Sunday, February 23, 2014

Education for Ministry

For the last several years, I have found myself interacting with both the theological students and theological educators.  Although I am a seminary graduate and have been involved in higher education ministry for a major part of my life, this is not something for which I was been intentionally trained.   Even so, I have found myself deeply immersed in theological education and dealing with some of the challenges it must address today.

Much has been written about what is needed to train a new cadre of ministers—both young adults and mid-career people--but I might as well add my own two cents worth.   I do this not as an expert in the field but as a minister who loves the church and has been encouraging and equipping its potential leaders for most of my life.  It seems that there are four major components that are necessary to form men and women to serve the church today.

First, seminary students need to be guided in spiritual formation.  They need to know how to “feed themselves” and relate to their Creator.  We once assumed that students came to seminary knowing how to pray, spend time in fellowship with God, and meditate on scripture.  We were wrong then, and we certainly cannot expect these skills from students—especially young adults—coming from a postmodern, post-Christendom society.  Students need to learn and practice spiritual disciplines that will help them to grow as disciples.

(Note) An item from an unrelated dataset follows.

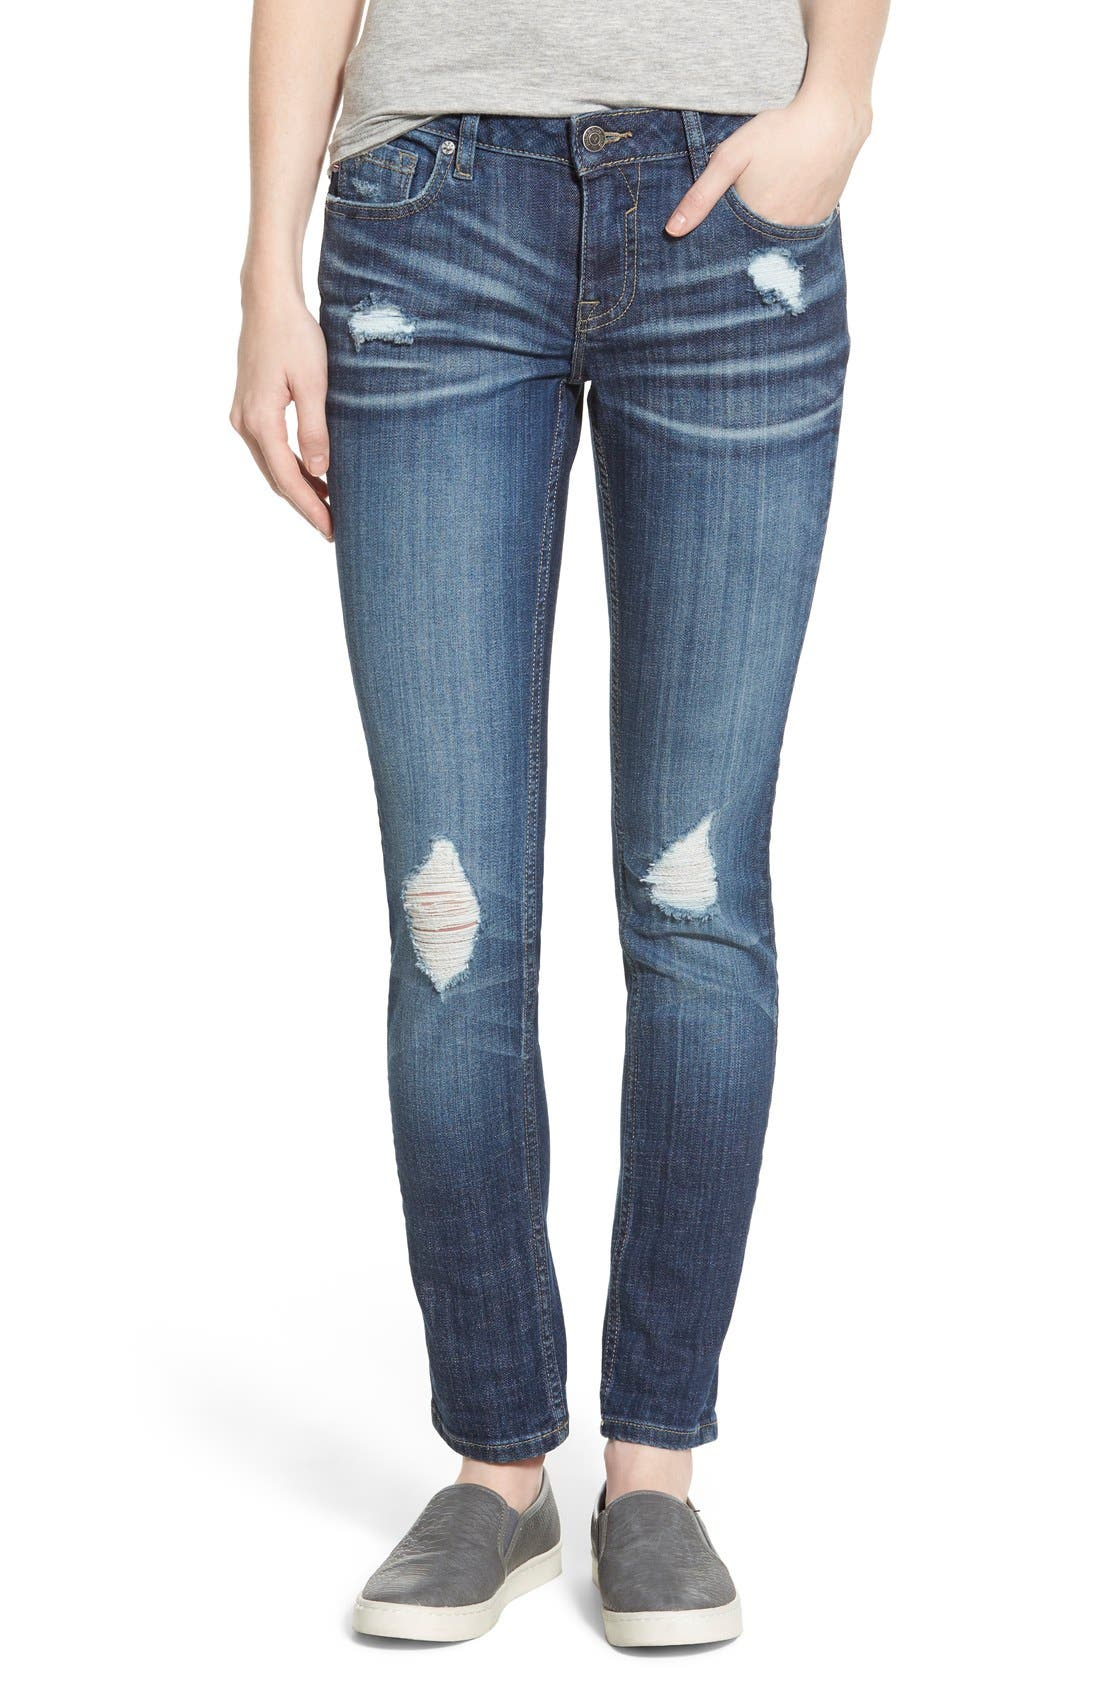 Alternate Image 1 Selected - Vigoss 'Tomboy' Destroyed Skinny Jeans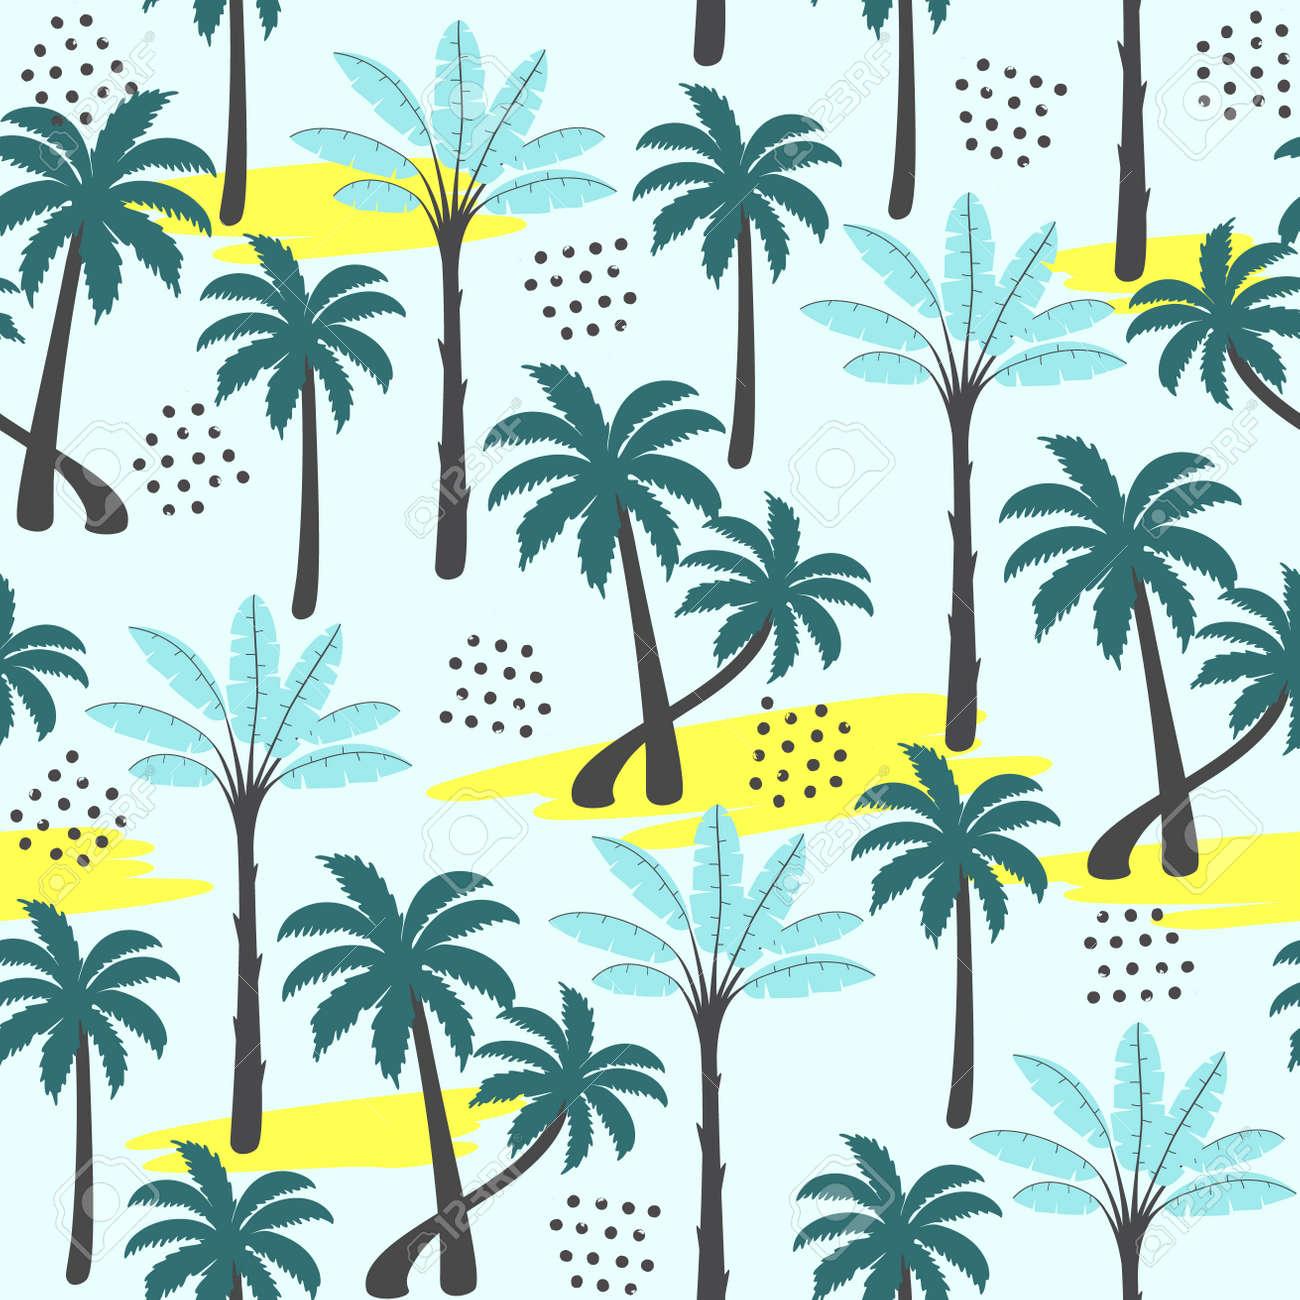 Palm tree seamless pattern on light background. Vector illustration. - 96683400

Second, theological formation must still be a primary focus in a seminary student’s education.  He or she must be exposed to the best of biblical and theological scholarship in order to mine the riches of the Christian faith.  Although we must become more involved in interfaith work if we are to do effective ministry in the 21st century, the Christian student must first understand his or her own tradition before entering into dialogue with proponents of other faiths.

Third, students must understand the contextual nature of ministry.  Students need to know the history of the Christian tradition and the shifting paradigms out of which the church has witnessed and served.  “We have always done it this way” is neither a correct nor an informed perspective when it comes to the work of the church.  Ministry is always contextual, so the well-equipped minister must acquire historical and anthropological skills.

Fourth, contemporary ministers need to have excellent skills in communication.  In our 24/7 media world, the only way that the Gospel will get a hearing is by being communicated effectively through spoken word, written word, and the visual arts--both in person and virtually.  Effective ministers need to be excellent story-tellers using all of the media at their disposal.

Finally, ministers in training must be involved in formation through praxis—involvement in the work of the local church, judicatories, and service organizations.  They need to be doing the work of ministry in partnership with trained mentors and coaches who can help them understand what they are experiencing and build their ministry identities on those experiences.

Seminaries, divinity schools, and other theological institutions are creating, implementing and learning from new models and strategies to prepare students to serve Christ and the church, but these five areas—spiritual formation, theological formation, contextual formation, communication formation and ministry praxis formation—are essential to that process.